The following method can be used to process the resolved results.

public static void processResolvedResults(IProjectArea projectArea,IQueryResult<IResolvedResult> resolvedResults,
		 IProgressMonitor monitor)
		throws TeamRepositoryException {
	// Get the required client libraries
	ITeamRepository teamRepository = (ITeamRepository)projectArea.getOrigin();
	IWorkItemClient workItemClient = (IWorkItemClient) teamRepository.getClientLibrary(IWorkItemClient.class);
	long processed = 0;
	while (resolvedResults.hasNext(monitor)) {
		IResolvedResult result = resolvedResults.next(monitor);
		IWorkItem workItem = result.getItem();
		// do something with the work item
		processed++;
	}
	System.out.println("Processed results: " + processed);
}

After adding some logic to process the work item, the method can be called like this:

processResolvedResults(projectArea, resolvedResults, monitor);

Process Paged Results

It is possible to paginate the resolved results and run on the returned pages. The code below runs some code on pages in parallel.

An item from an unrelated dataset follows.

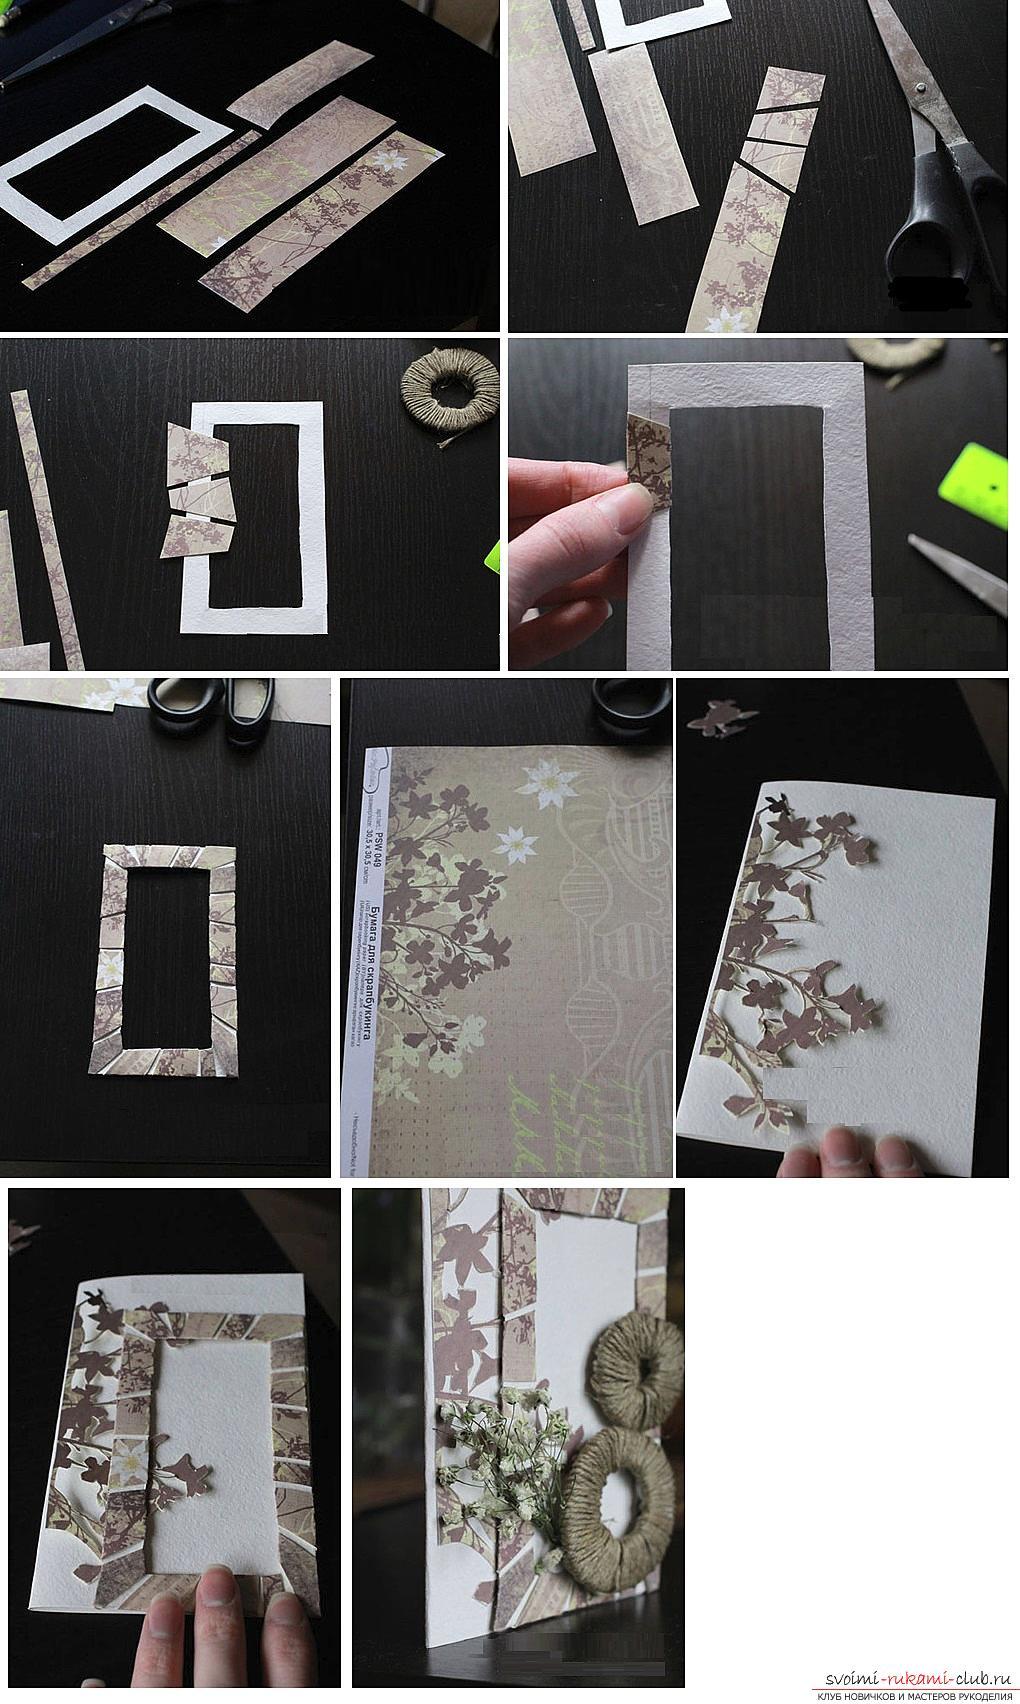 Как сделать оригинальные поделки к весеннему празднику женщин - 8 Марта, пошаговые фото создания рамки для фото, топиария, поделки в стиле свит дизайн и букета из огромных роз из гофрированной бумаги. Фото №17

resolvedPResults.setPageSize(100);
ArrayList jobs = new ArrayList();
while(resolvedPResults.hasNext(null)){
	ResolvedPageJob job = new ResolvedPageJob(teamRepository, workItemClient, resolvedPResults.nextPage(null));
	jobs.add(job);
	job.setUser(true);
	// run as System Job;
	//job.setSystem(true);
	job.schedule();
}
for (ResolvedPageJob resolvedPageJob : jobs) {
	try {
		resolvedPageJob.join();
	} catch (InterruptedException e) {
	// TODO Auto-generated catch block
		e.printStackTrace();
	}
}

The Job class would look like this.

public static class ResolvedPageJob extends Job {
	private List<IResolvedResult> fPage;
	private ITeamRepository fTeamRepository;
	private IWorkItemClient fWorkItemClient;

	public ResolvedPageJob( ITeamRepository teamRepository, IWorkItemClient workitemClient, List<IResolvedResult> results) {
		super("Run Page");
		fTeamRepository=teamRepository;
		fWorkItemClient=workitemClient;
		fPage=results;
	}

	protected IStatus run(IProgressMonitor monitor) {
		try {
			processResolvedResultsPaged(fTeamRepository, fWorkItemClient,fPage);
		} catch (TeamRepositoryException e) {
			System.out.println("Exception: " + e.getLocalizedMessage());
			return new Status(Status.ERROR,"Me","TeamRepositoryException",e);
		}
		return Status.OK_STATUS;
	}
}

And the method to process the paged resolved results would look like below.

public static void processResolvedResultsPaged(ITeamRepository teamRepository,
		IWorkItemClient workItemClient,
		List page)
		throws TeamRepositoryException {
	long processed = 0;
	for (IResolvedResult resolvedResult : page) {
		IWorkItem workItem = resolvedResult.getItem();
		// do something with the work item
		processed++;
	}
	System.out.println("Processed results: " + processed);
}

Some Observations

I optimized the code a bit by reducing the client libraries to be looked up. I basically got the client libraries in a main method and passed them to the methods.

Then I ran the methods against a test system that had 16000 work items, randomly unresolved and resolved. Some observations I made:

  1. Running with resolved query results was typically quicker than running against unresolved result sets. The bigger the number of work items the smaller the difference.
  2. For running parallel jobs I got a mixed bag. Sometimes it was a lot slower and sometimes it was quicker.

My experiments ran against a test system running on the same machine and using Derby as DB.

To avoid calamities with many other users screaming at you, because the production server is down, please be very careful if using resolved query results. This is especially true when running with a FULL_PROFILE and overriding the query result limit and running queries with huge amounts of work items. In this case it is smarter to use the unresolved results and pay the performance penalty of resolving the work items individually.

Summary

Using the API as described above allows you to run automation against work item queries, for example using WorkItemOperation as presented in Uploading Attachments to Work Items. I will describe some scenarios in follow up posts, for example how to “Synchronize Attributes”. I hope that these code examples will help users out there that have a need for more automation.